Unitization of the Minneola field was completed in August 1994 and water flooding started in December 1994. Plots were constructed for each well to trace the monthly production of oil and water at them along with the volume of water injected per month from the nearest injector. These production/injection profiles are presented in Appendix C. Analyses of these production/injection profiles were carried out to determine the influence of permeability distribution and connectivity between the sands on the performance of the waterflood.
As mentioned earlier, storativity and the transmissibility
maps indicate that most of the water injected at well #7-1 is
invading sand #2. Figure 1 shows
that the wells located near injector #7-1 include #9-1, #8-1,
and #6-1. Table 4 lists the producing
sands in each of the wells and it shows that wells #9-1 and #8-1
are both open in sand #2, while well #6-1 is open in both sand
#2 and #3. Well #10-1B is almost equidistant from both the injectors
and its perforation interval is not available. However, production
records show that it has been kept closed through out the water-flooding
period and thus this well was not analyzed in this study.
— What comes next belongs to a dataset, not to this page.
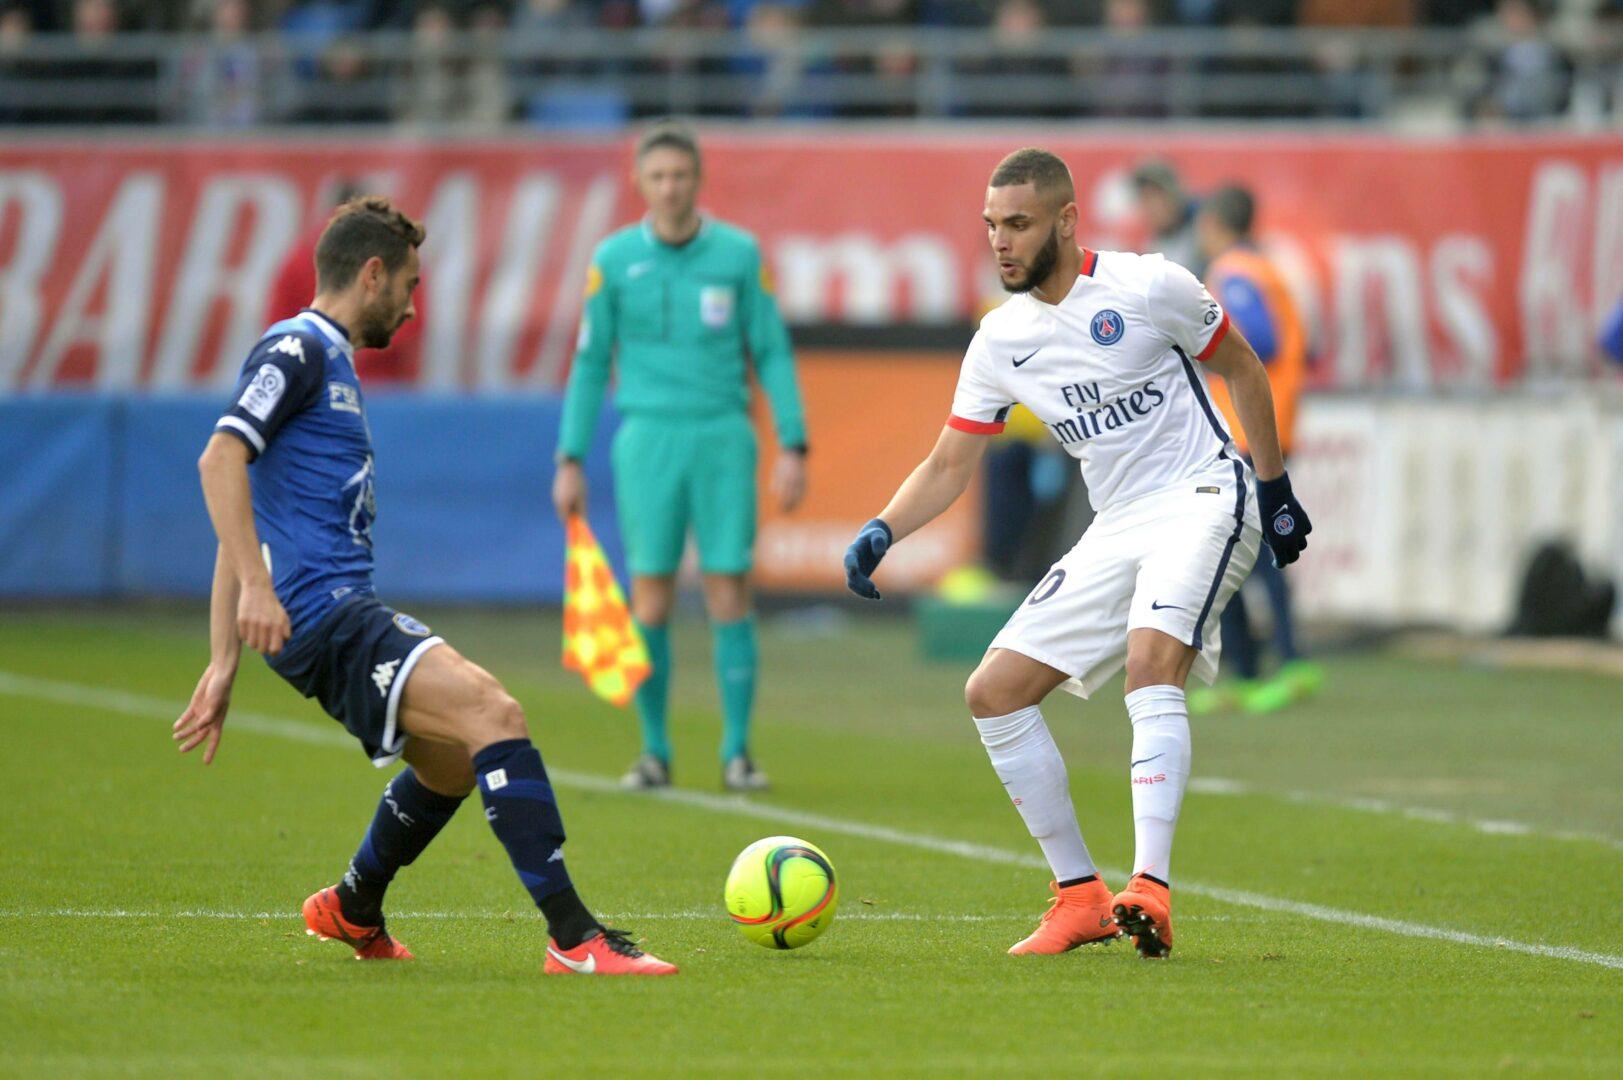 Troyes PSG Ligue 1

The production/injection profile for well #9-1 (Figure C1) demonstrates the restriction of the fluid movement in areas of low permeability (obtained from DST) around well #9-1. This results in the dying out of the oil production after the immediate area around the well has been drained. By the time this well is reopened at later date, oil recharges the sand around the well and the well produces for a while again. Production during the second opening of the well exceeds that of the first possibly because some of the injected water at well #7-1 build an oil bank in the direction of this well. The low permeability around the well may also have prevented a breakthrough of injected water. The high permeability around well #8-1 and its proximity to the injector #3-1 resulted in early break through (Figure C2) of injected water. Rapid short-circuit of the injected water may be due to high permeability streaks, and in such a case most of the secondary oil reserves remain unswept in the reservoir. The response to the water flooding becomes apparent in well #6-1 at a later date, than well #8-1, because of its greater distance from the injector and also perhaps due to the lower permeability of sand #2. Only a small oil bank is recovered prior to water breakthrough.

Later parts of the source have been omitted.